Plus qu’une biographie de l’artiste Niki de Saint-Phalle, le film montre comment une femme, à travers la création artistique, tient à distance ses démons intérieurs et se libère de conventions étouffantes. Avec une mise en scène foisonnante, à l’image de son personnage.
NIKI de Céline Sallette. France, 2024, 1h38. Avec Charlotte Le Bon, John Robinson, Damien Bonnard. Festival de Cannes 2024, sélection Un Certain Regard.
Critique de Magali Van Reeth, SIGNIS France
Pour son premier long-métrage en temps que réalisatrice, l’actrice Céline Sallette a choisi de mettre en scène le difficile parcours d’une femme artiste dans les années 1950. Niki est une jeune épouse et mère, venue avec son mari américain s’installer à Paris, pour être au plus près des mouvements artistiques, et de ce vent de liberté qui soufflait alors dans le monde de arts. Devant affronter la part sombre de son enfance, la jeune femme découvre dans l’expression artistique une façon d’échapper aux hôpitaux psychiatriques et de tenir à distance ses terreurs.
La mise en scène foisonnante et l’engagement physique de l’actrice Charlotte Le Bon rendent bien l’énergie, la violence du désespoir et la force inconsciente de création du personnage de Niki de Saint-Phalle. La déclinaison chromatique, allant ver des couleurs de plus en plus affirmées, à mesure que Niki gagne en confiance ; les écrans divisés ou éclatés, clins d’œil aux courants artistiques de l’époque ; le chapitrage pour introduire le récit sans le révéler, tout est construit avec intelligence pour dire la complexité et la richesse du personnage. Et, astucieusement, la réalisatrice choisit de ne pas montrer le travail de l’artiste, réel ou reconstitué. Le spectateur est donc confronté à son œuvre à travers le regard et les réactions des autres personnages.
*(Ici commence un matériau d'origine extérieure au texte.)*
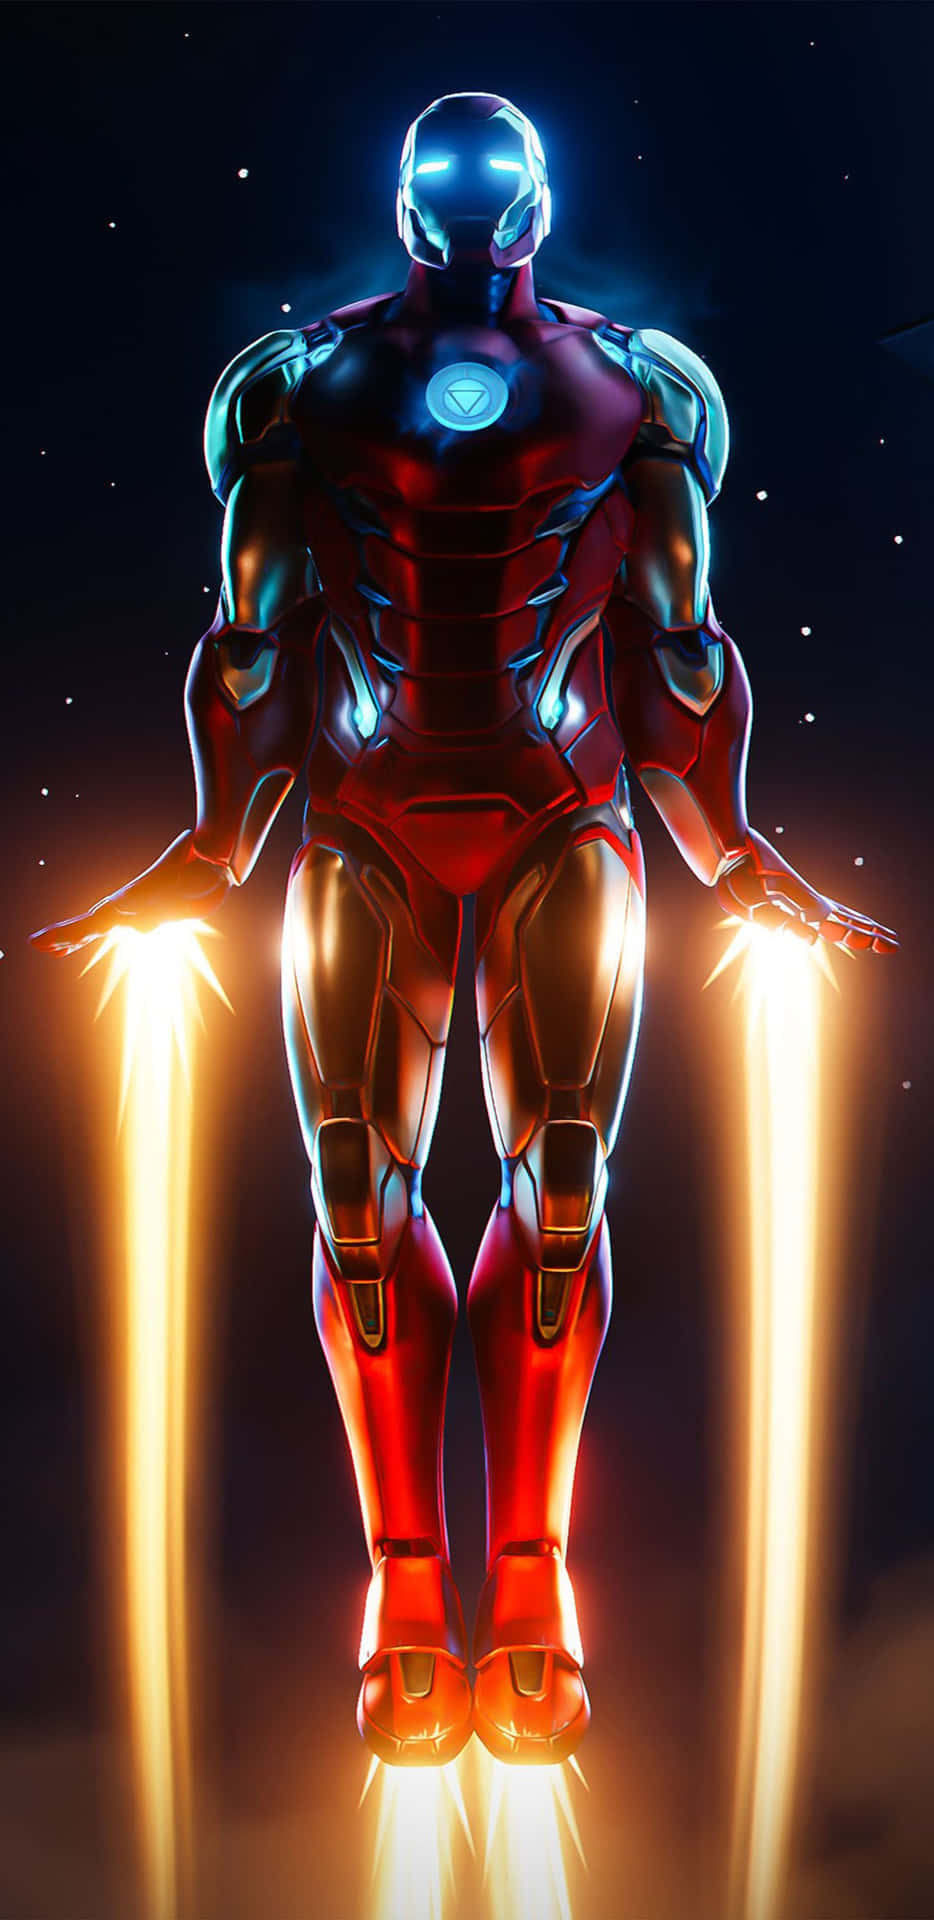 Fondode Pantalla De Los Botines A Reacción De Iron Man Para El Pixel 3xl.

Il y a évidemment dans le film un parallèle avec certaines situations actuelles. Il n’est pas toujours facile pour les femmes de vivre à la fois le couple, la maternité et l’engagement total dans la création artistique ou intellectuelle. Les traumatismes de l’enfance – viol, inceste, abus sexuel ou emprise affective – s’ils sont mieux connus ne sont pas forcément plus faciles à surmonter. Avec beaucoup de pudeur et de tendresse, Céline Sallette réussit cette évocation d’une époque et d’une femme, reprenant pleinement possession de sa vie et de ses désirs grâce à l’Art.